> _Assigned task_
Retype exactly what runs from the first line of the data to the line with "8dcedf0de1 Flower Girl", keeping both of those lines and skipping pictures.
Start of Records provided
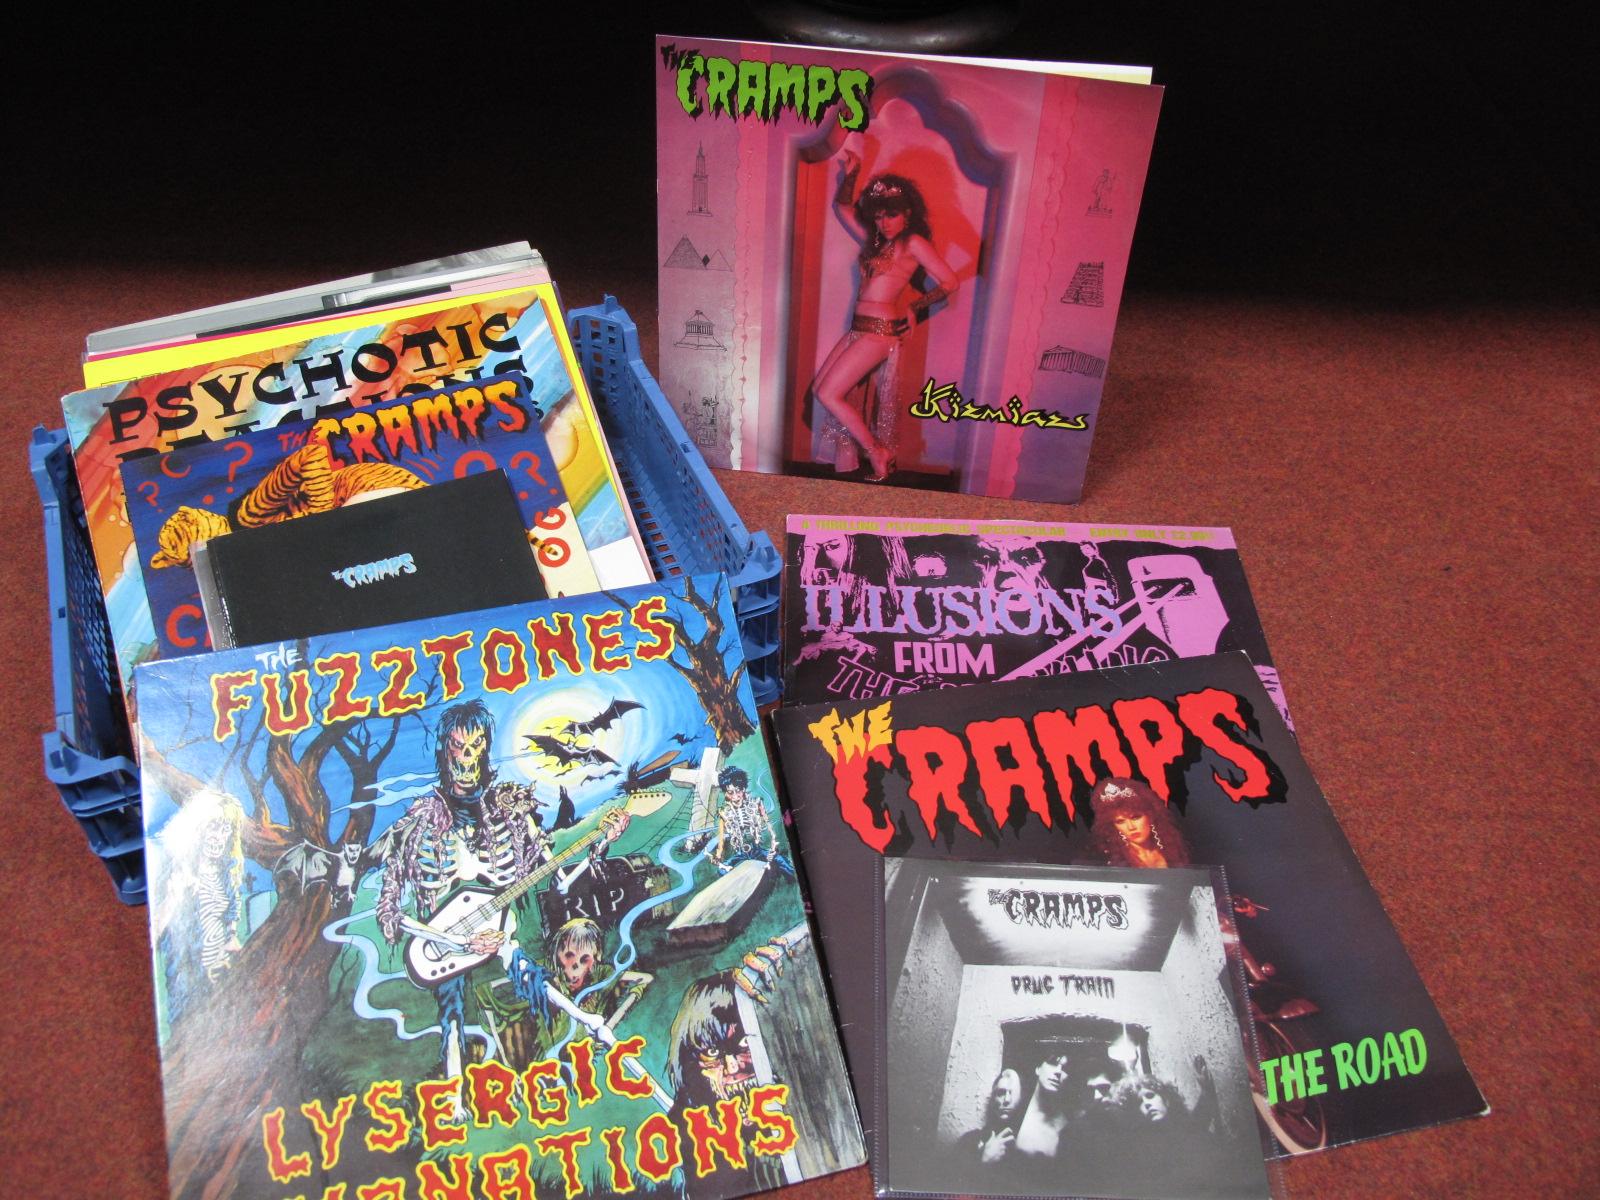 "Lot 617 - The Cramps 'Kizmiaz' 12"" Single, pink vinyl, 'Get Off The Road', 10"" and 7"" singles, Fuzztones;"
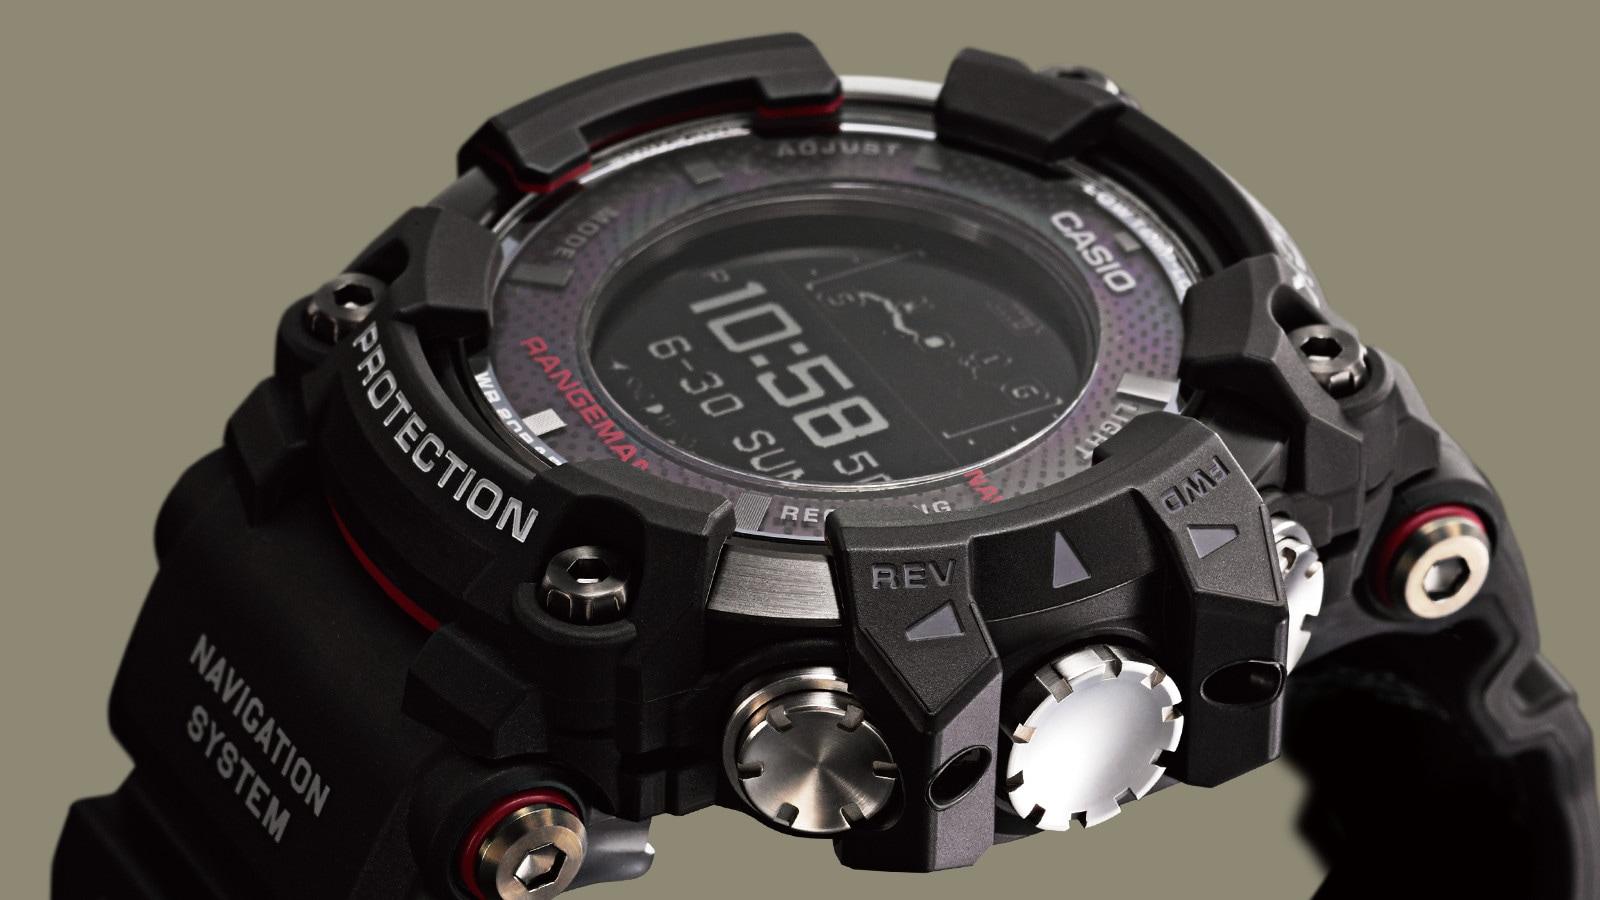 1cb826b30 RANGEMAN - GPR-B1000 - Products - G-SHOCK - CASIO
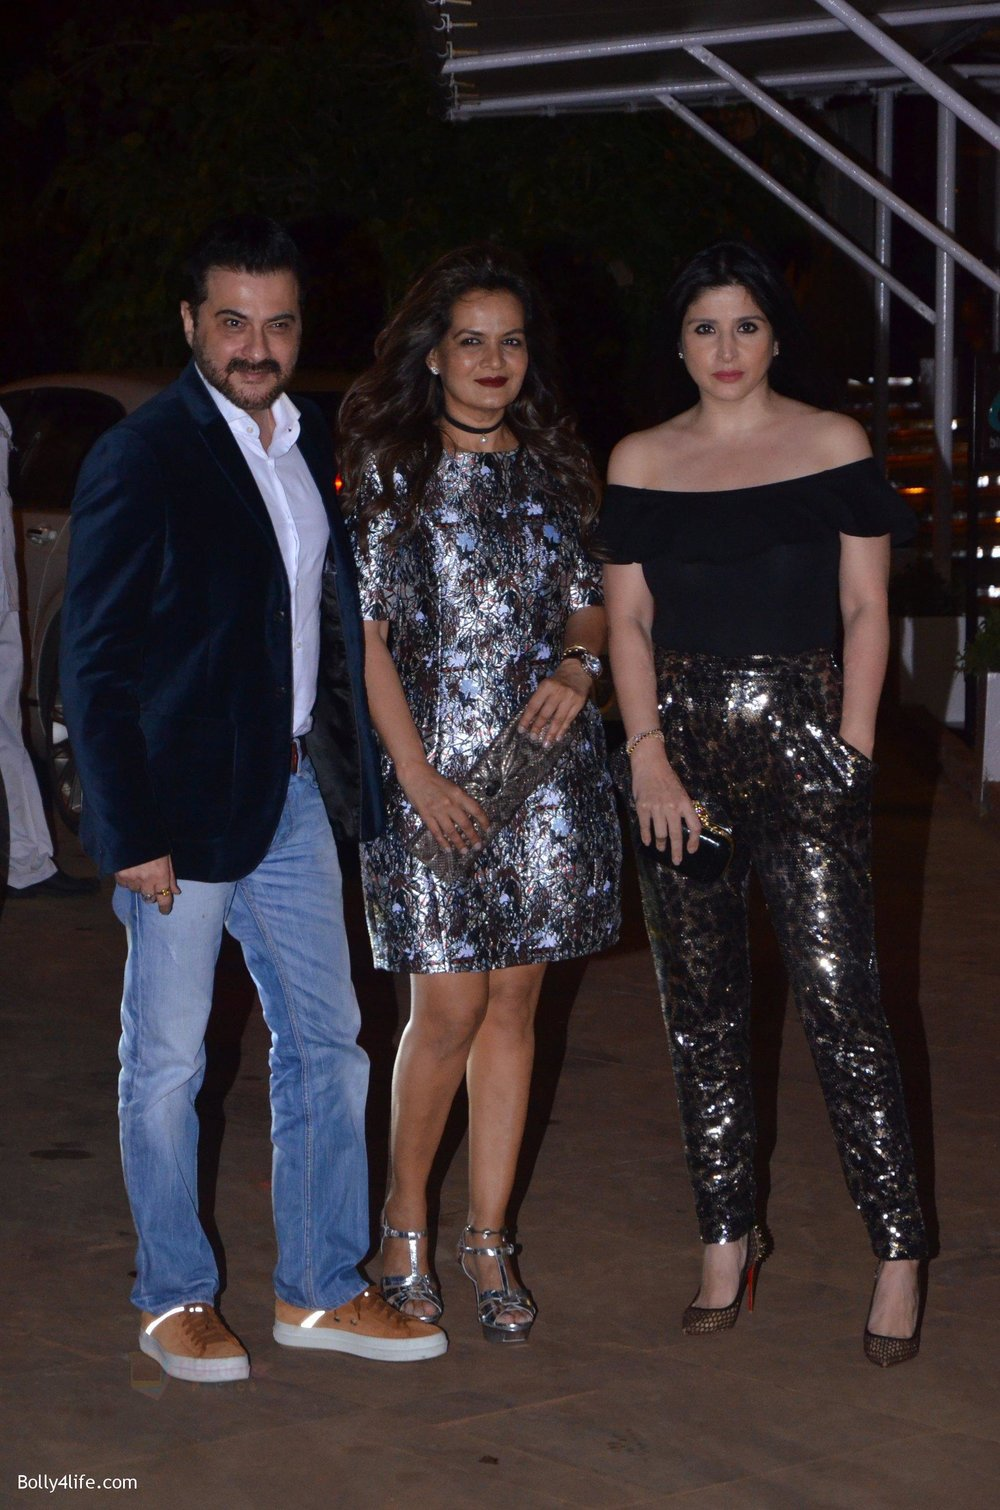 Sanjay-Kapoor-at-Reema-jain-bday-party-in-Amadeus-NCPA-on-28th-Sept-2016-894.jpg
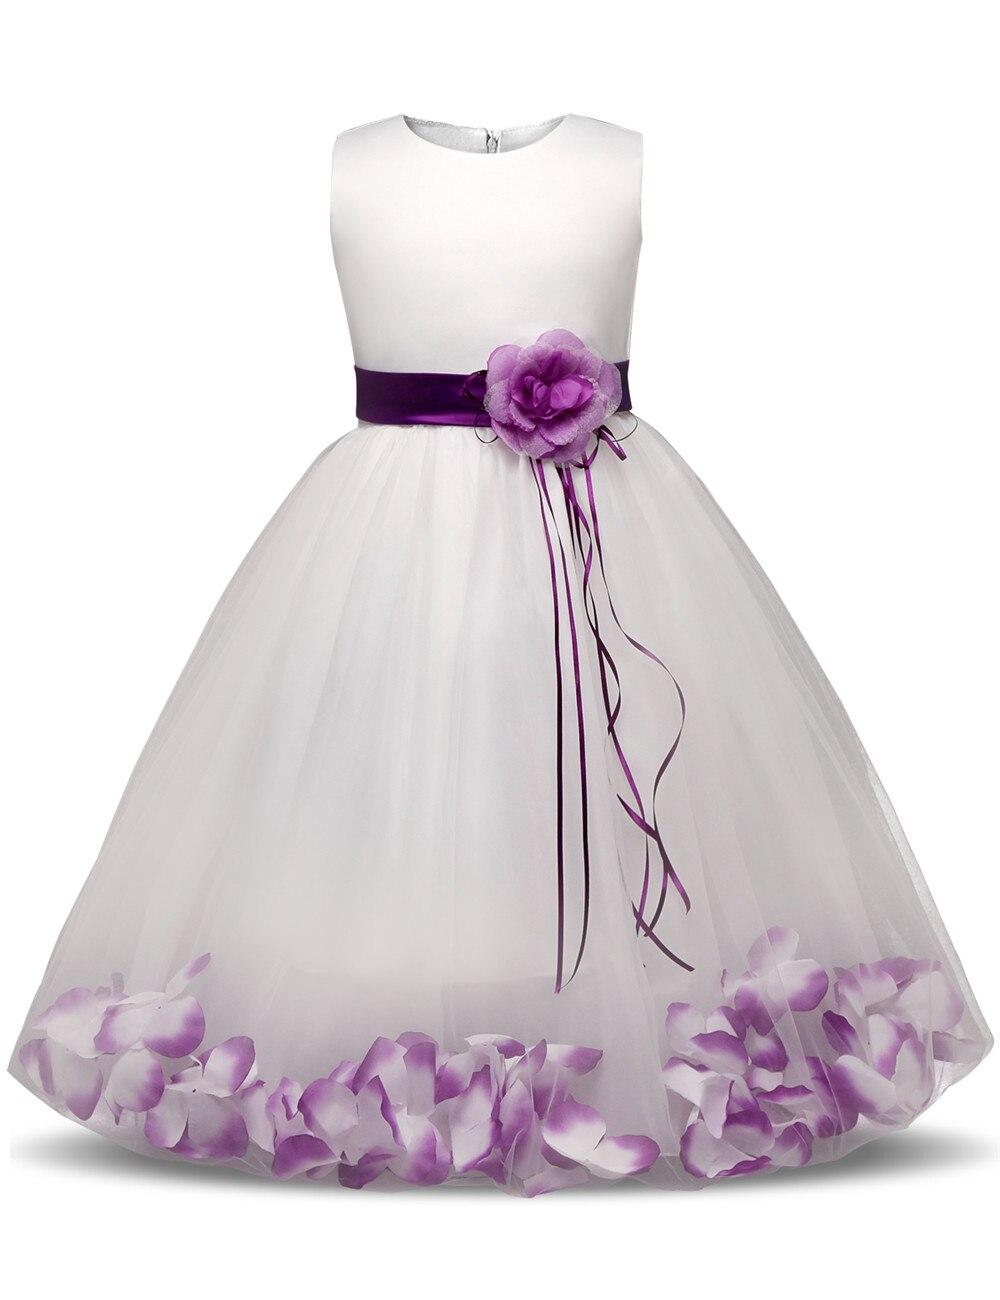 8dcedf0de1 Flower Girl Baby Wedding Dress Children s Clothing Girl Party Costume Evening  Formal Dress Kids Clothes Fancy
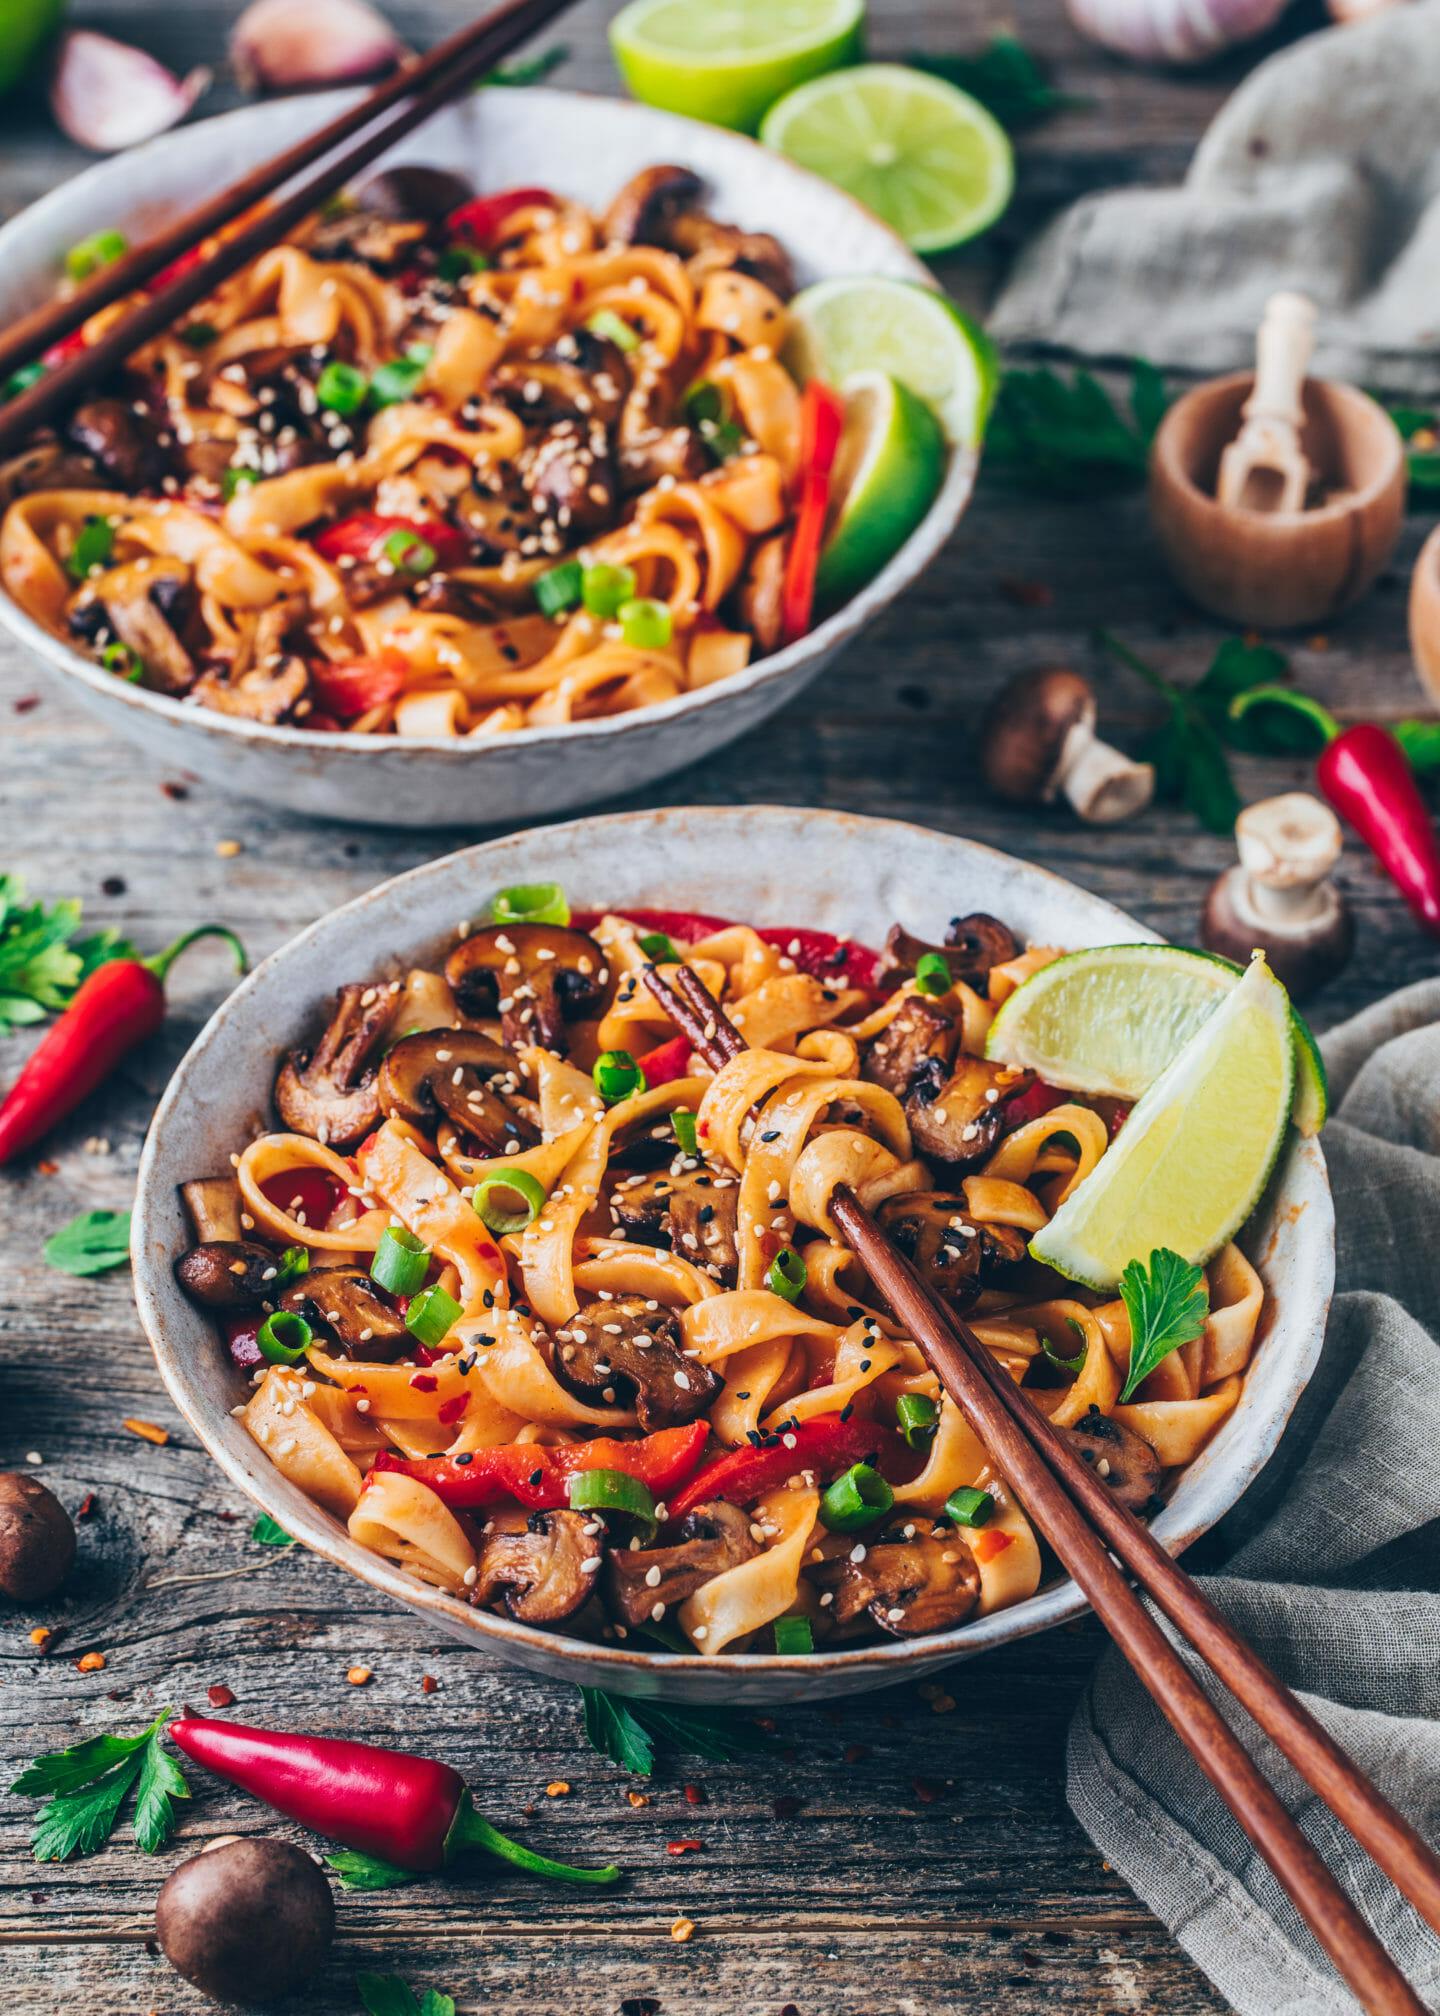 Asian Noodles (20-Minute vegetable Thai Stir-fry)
End of Records provided
> _Finished task_
 "Lot 617 - The Cramps 'Kizmiaz' 12"" Single, pink vinyl, 'Get Off The Road', 10"" and 7"" singles, Fuzztones;"
 1cb826b30 RANGEMAN - GPR-B1000 - Products - G-SHOCK - CASIO
 Sanjay-Kapoor-at-Reema-jain-bday-party-in-Amadeus-NCPA-on-28th-Sept-2016-894.jpg
 8dcedf0de1 Flower Girl Baby Wedding Dress Children s Clothing Girl Party Costume Evening  Formal Dress Kids Clothes Fancy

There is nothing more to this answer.